Congress

Making fun of lawmakers is a Shmoop specialty. So, first the definition, and then...the jokes.

Congress is that group of people that makes the national laws you live by. It makes up the legislative branch of the U.S. national government, one third (along with the executive and the judiciary) of the country's Constitutionally constructed co-equal branches of government (checks and balances and all that).

Congress consists of two parts. There's the House of Representatives. Everyone there gets elected every two years, and seats are given out based on the population of their state. The other part of Congress is called the Senate. Every state gets two senators. There are 100 senators total and 435 members of the House.

If you want to pass a law, you have to get it through both parts of Congress, though there are some specific rules about what each part can do. If the president (the head of the executive branch) likes the bill that's passed both houses of Congress, he or she will sign it. Then it's a law, and you have to follow it. If the president doesn't like a bill, then it gets vetoed. At that point, it's not a law. Congress can decide if they want to try to override the veto or start from scratch.

So...them's the basics. Now for the jokes.

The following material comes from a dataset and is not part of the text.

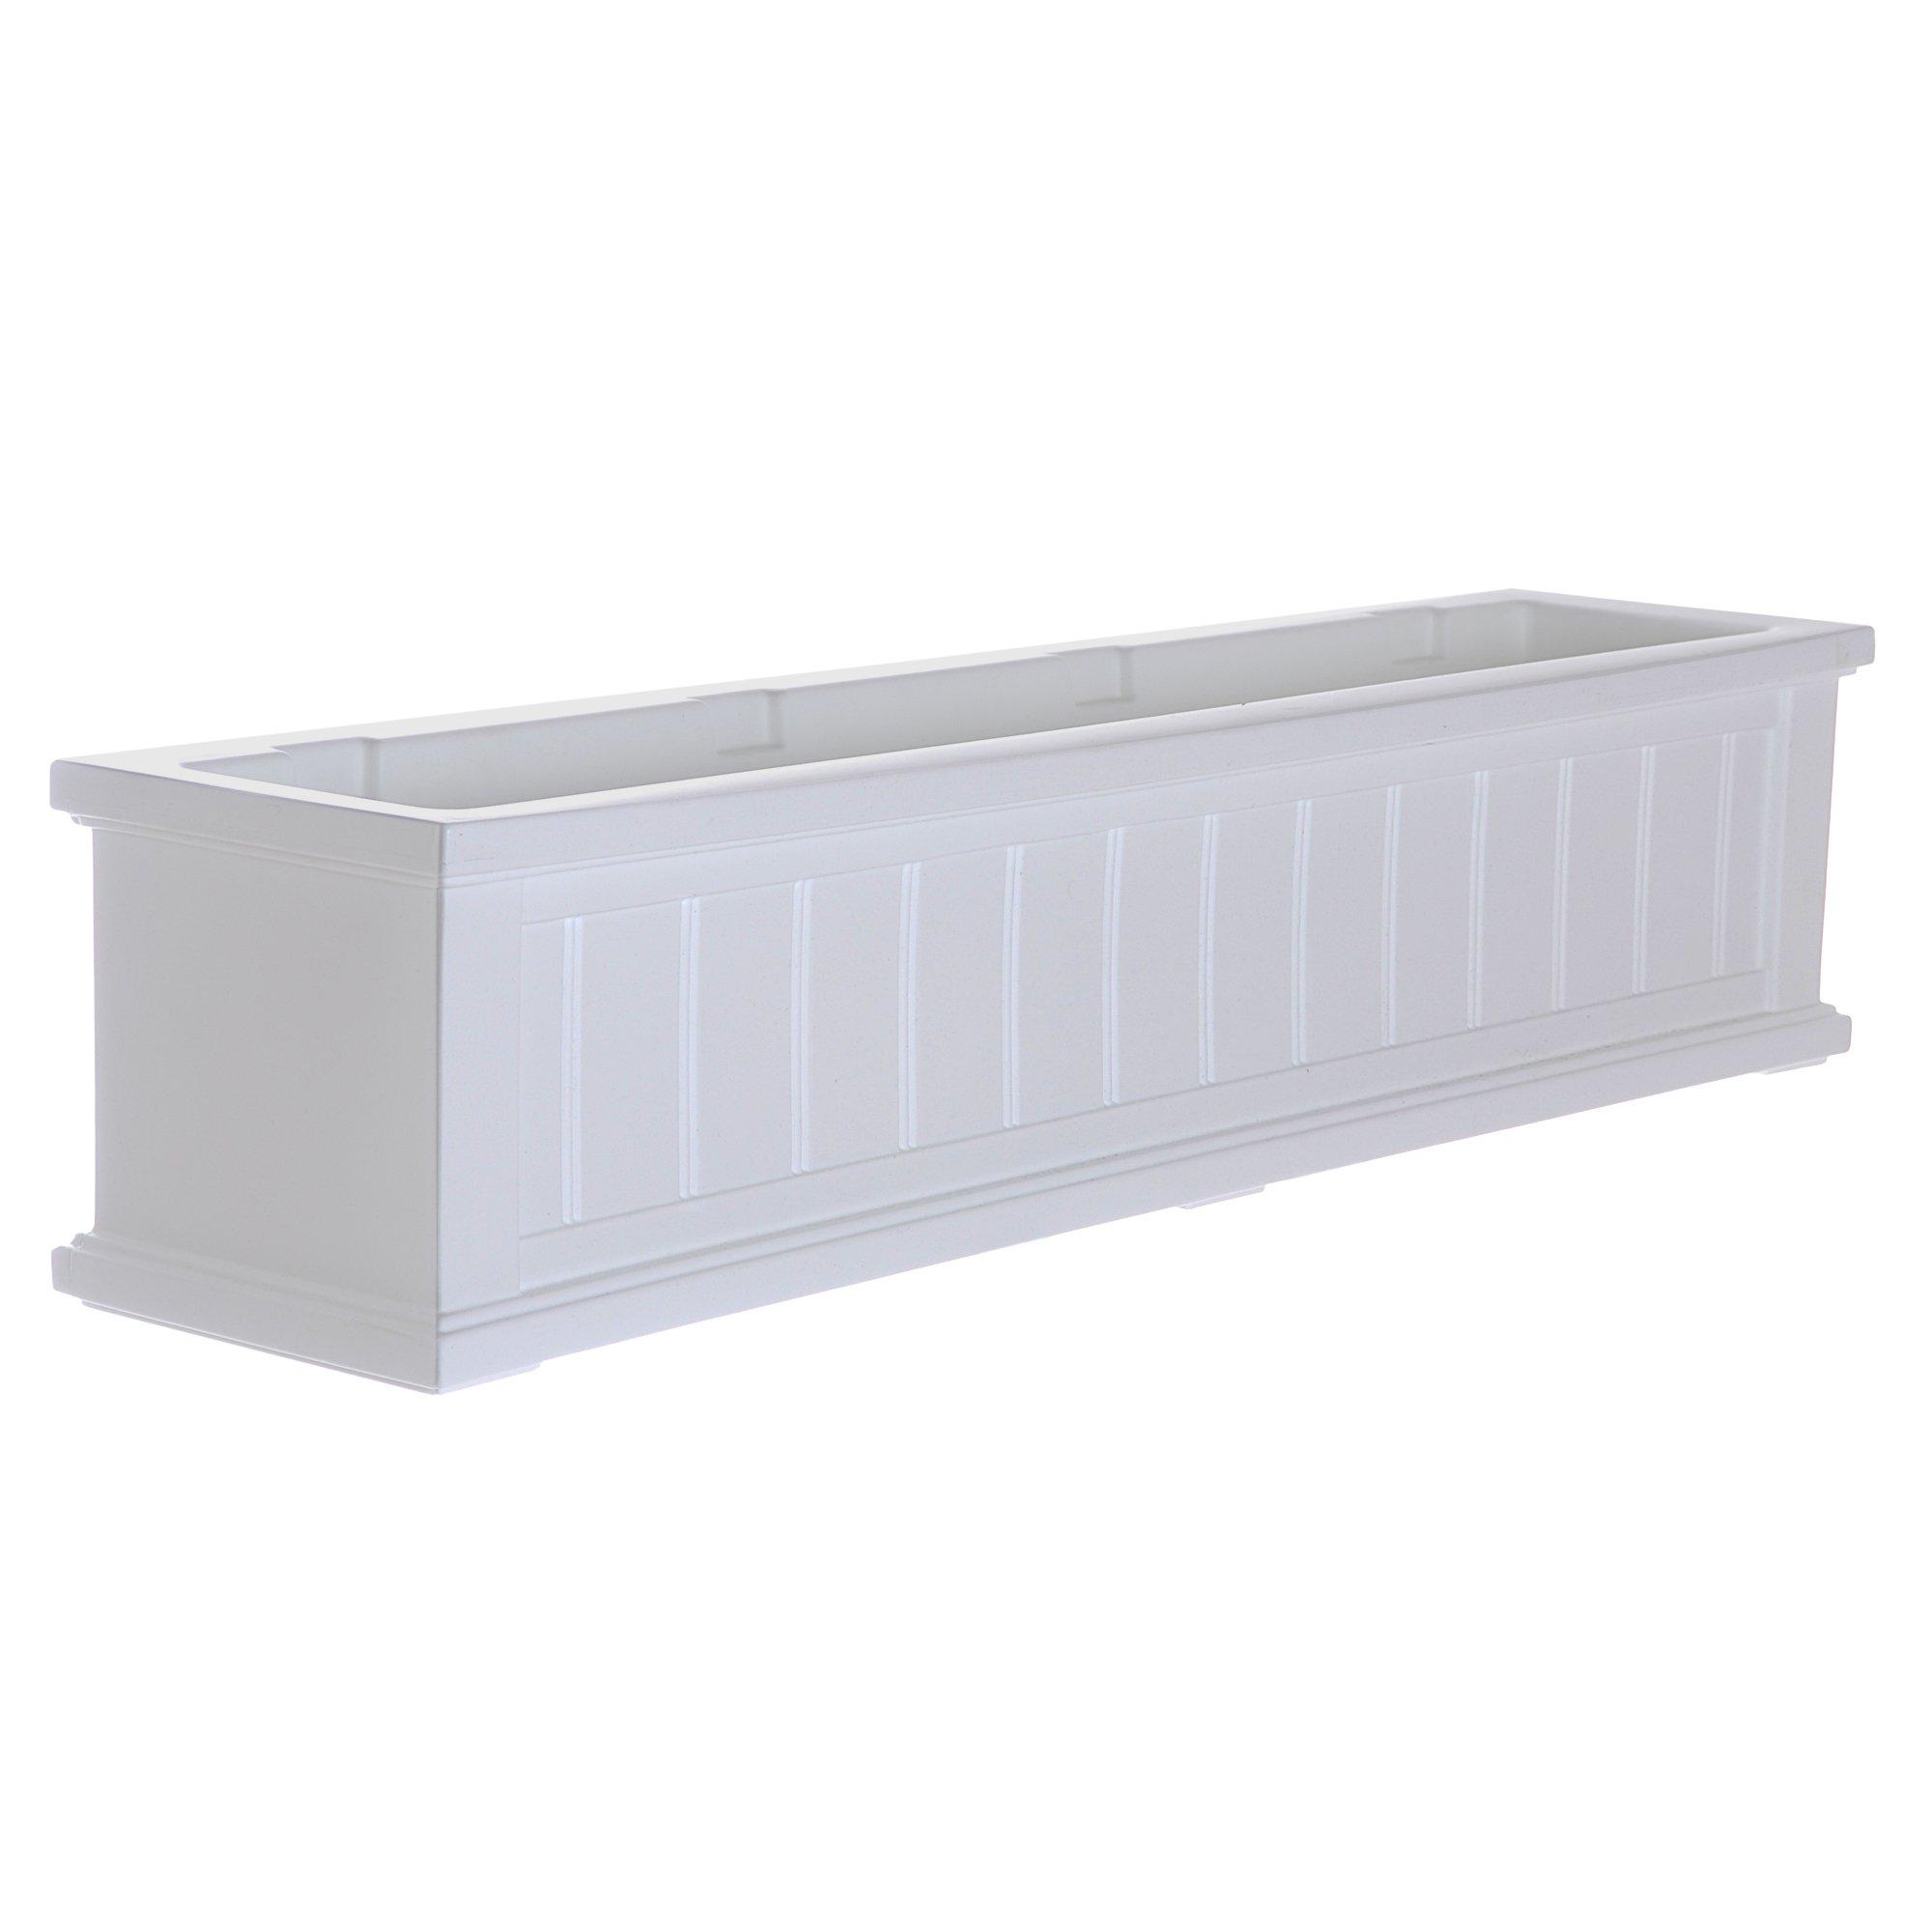 Mayne 4841-W Cape Cod Polyethylene Window Box, 4' White

The difference between death and taxes is that death doesn’t get worse every time Congress meets.
-Will Rogers

The reason there are two senators for each state is so that one can be the designated driver.
-Jay Leno

When they call the roll in the Senate, the senators do not know whether to answer “Present” or “Not guilty.”
-Theodore Roosevelt

There is no distinctly native American criminal class except Congress.
-Mark Twain

Suppose you were an idiot, and suppose you were a member of Congress, but I repeat myself.